In a series of influential articles, Spence and Stanley have discussed to which degree researchers can expect a published effect to replicate in a replication study. They argue that expectations are often too high because sampling variability and measurement error are not fully taken into account. They conclude that (a) the failure of a single study to replicate a published effect might be less serious than often assumed, (b) the replication crisis might only exist for those who hold unduly high expectations about replications, and (c) researchers should temper their expectations about replication studies. However, these claims are based on a highly unusual and far too pessimistic approach they used in their initial work on this topic. Later, Spence and Stanley have promoted the well-established prediction intervals, for which their recent article in this journal provides an instructive tutorial. We use these prediction intervals to demonstrate that their previous claims about replications were far too pessimistic and need to be updated. We conclude that the failure of a single study to replicate a published effect should indeed be taken seriously (given of course, that the replication study is well-designed and has sufficient statistical power), and warn that too pessimistic expectations about replications can be just as detrimental to science as too optimistic expectations. This is crucial because too pessimistic expectations can make it prohibitively difficult for researchers to demonstrate evidence against original results.

Keywords

replication prediction interval replication crisis statistics open materials

Replication studies provide the core means to evaluate the robustness of findings in all areas of science. To evaluate the success of replication studies, it is important to consider what can be expected from a replication study. Spence and Stanley (2016, 2024; Stanley & Spence, 2014) have argued that expectations are often too high because sampling variability and measurement error are not appropriately considered. For example, they argued that “the data from one study should not be interpreted as replicating or failing to replicate the results of another study” (Stanley & Spence, 2014, p. 316). Consequently, they called for tempered expectations and suggested that the replication crisis might exist only for researchers with unduly high expectations for replications (Stanley & Spence, 2014, p. 316).

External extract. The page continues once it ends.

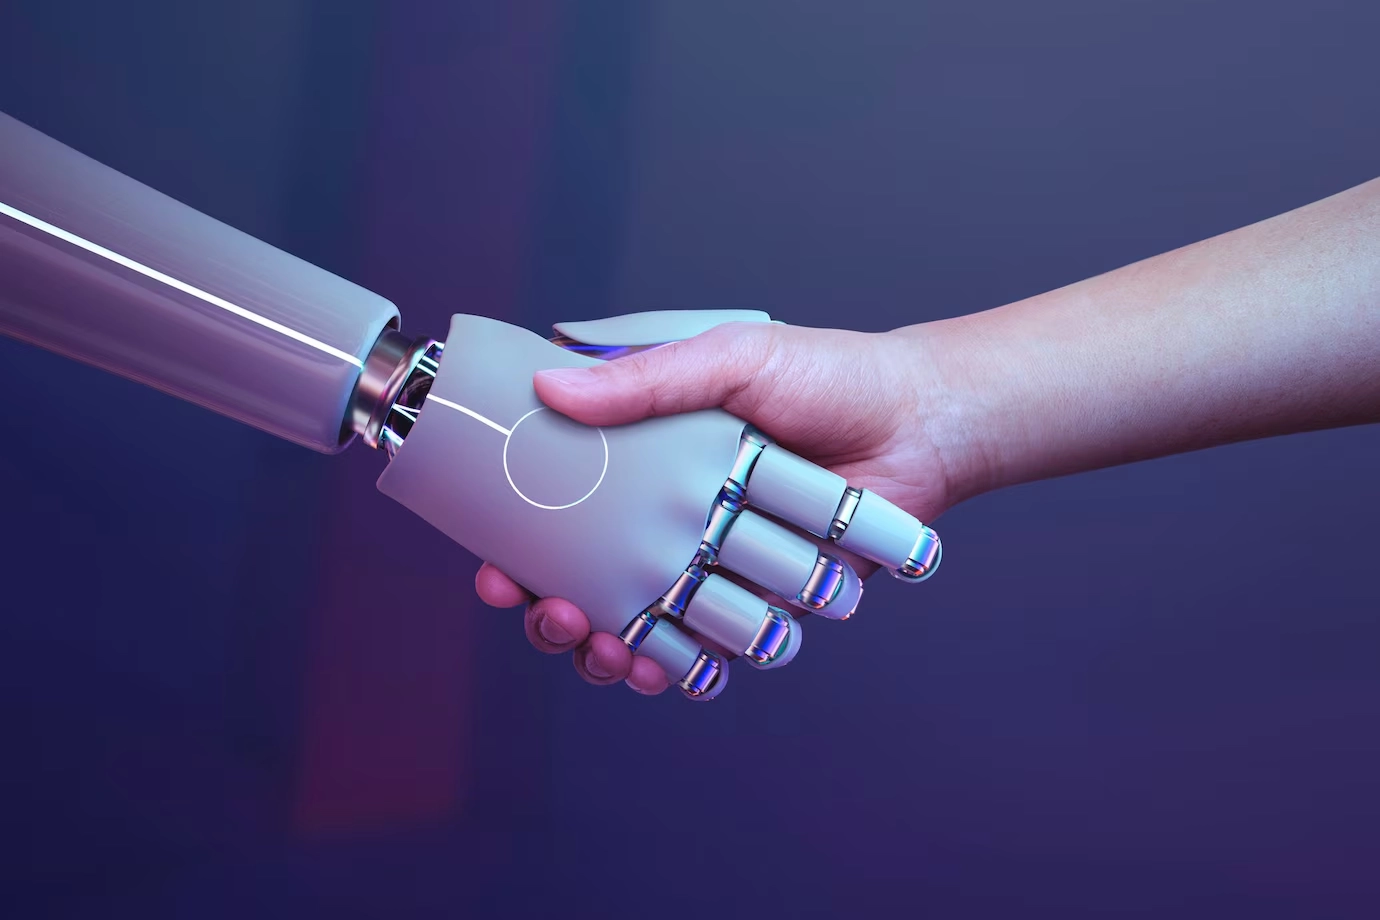 Mão robótica e humana em um aperto de mãos
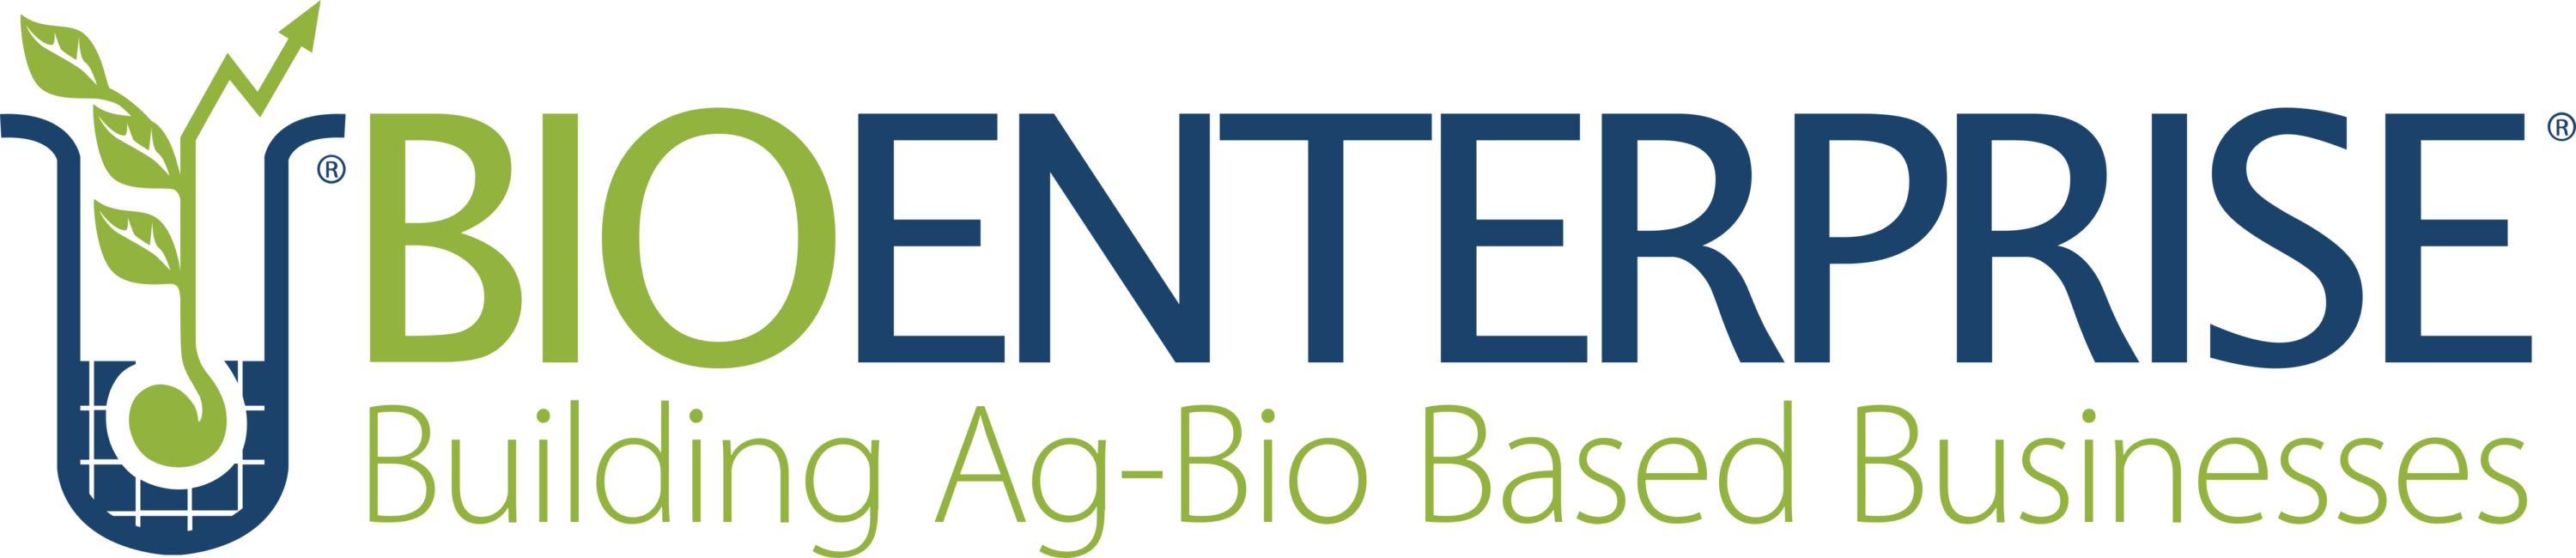 Bioenterprise Canada Logo

Stanley and Spence’s (2014) conclusions have strongly shaped researchers’ expectations regarding replications, as evidenced by recent articles citing them as a key reference on this topic (e.g., Fiedler & Trafimow, 2024; Lishner, 2024; Margoni, 2022; Vohs, 2015; Winne, 2017). For example, Vohs (2015, p. e87) used Stanley and Spence (2014) as one reason to question the validity of failed replication attempts. Likewise, Fiedler and Trafimow (2024) argued that “Monte-Carlo simulations by Stanley and Spence (2014) have clarified that the goal of replicating every finding is unwarranted. Replications of even completely valid findings are widely dispersed around the true effect size” (p. 2582).

However, we show that the method used to arrive at these conclusions provides a much too pessimistic view of what to expect from a replication. For brevity, we dub this method “SRI” (for “Stanley & Spence, 2014, replication interval”). We make our case by contrasting SRIs to prediction intervals (PIs). PIs are a well-established, frequentist method to estimate the outcome of future observations (Estes, 1997; Geisser, 1993) and are now also endorsed by Spence and Stanley (2024), thereby ensuring that our arguments are based on the same assumptions they are willing to make (for details on the relationship between SRIs and PIs, see Appendix A1).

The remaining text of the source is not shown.